6月5日に起きたシステム障害の原因について、日本航空(JAL/JL、9201)は6月9日、プログラムの潜在的な不具合によるものだったことを明らかにした。
このトラブルは5日午前、貨物の搭載計画や機体の重量重心計算などを担う重量管理システムで発生。機材繰りによる翌日の4便を含む178便が欠航し、5日は約1万4000人に影響が出た。
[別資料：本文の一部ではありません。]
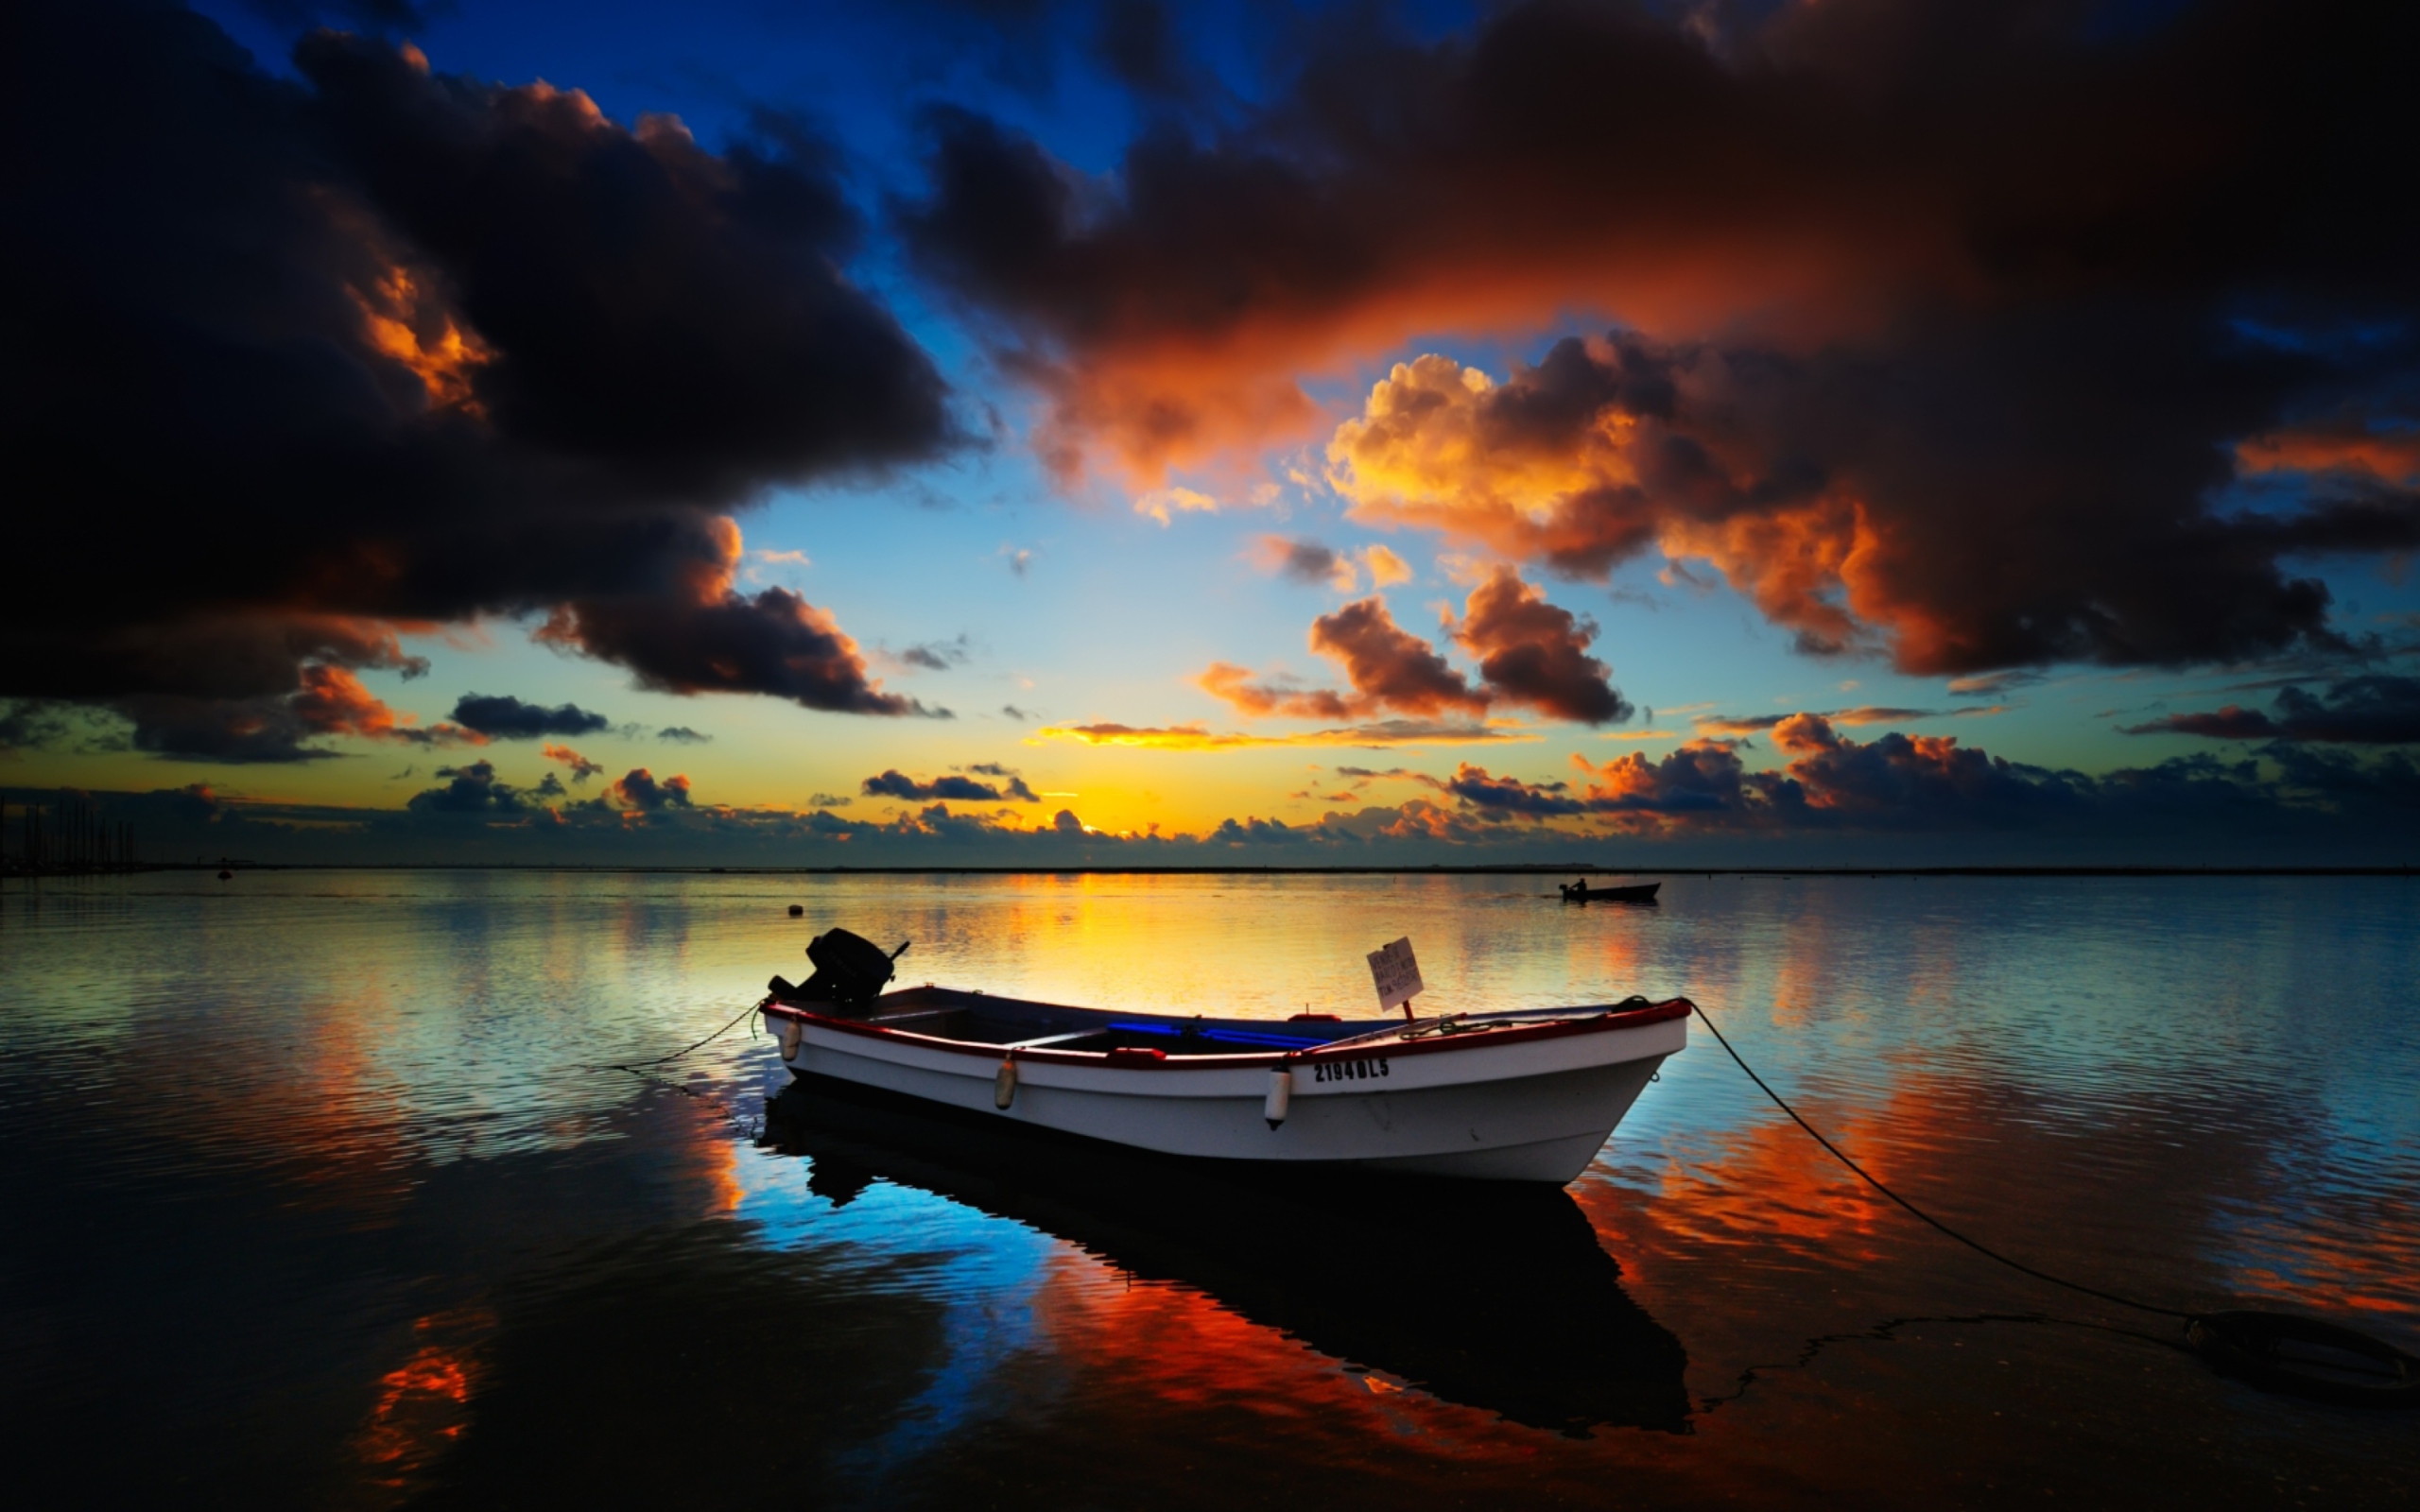 Boat In Sea At Sunset wallpaper 2560x1600
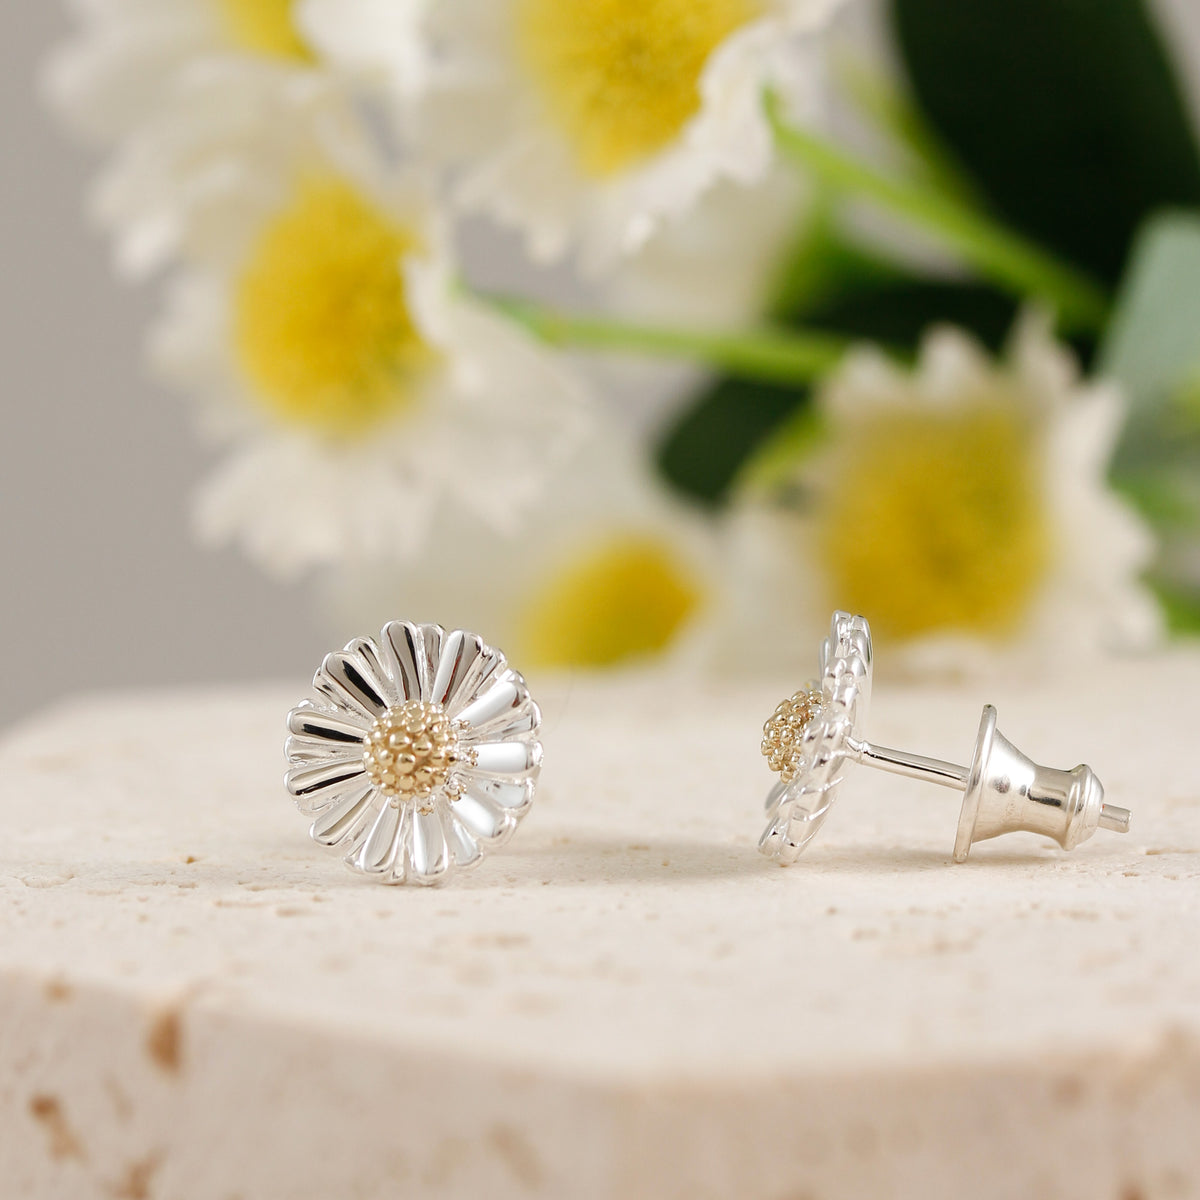 silver daisy flower earrings with solid gold middles

システムは今年1月に導入したもので、ルフトハンザ ドイツ航空(DLH)の子会社ルフトハンザシステム製。プログラムの不具合により、不要になったデータが滞留したことで障害が発生した。9日都内で会見したJALの植木義晴社長は、「修正プログラムを入手して改修する。作業が終わるまではデータの滞留状況を監視していく」と述べ、再発防止に努めるとした。
また、2013年10月から今年5月にかけて、JALが整備を委託する子会社のJALエンジニアリング(JALEC)で整備ミスが16件発覚した件については、「運航の安全に直接結びつかなかったが、連続してヒューマンエラーが発生したことを重く受け止めている」(植木社長)と述べた。
ヒューマンエラーが連続した背景として、JALではコミュニケーション不足を挙げており、5月19日から23日までの5日間、緊急性のある作業を除いて整備作業を中断し、作業手順の見直しなど再発防止策を検討するミーティングを開いた。
世代間格差をはじめ、JALEC内でもエンジン整備の部署から機体整備へ、成田から羽田への異動といった、整備士が持つバックグランドの差異が、コミュニケーション不足につながっていたという。
JALでは今後、コミュニケーション不足に陥りやすかった部分について、会社側が意図的にコミュニケーションを取る機会を設けることで、改善を図るとしている。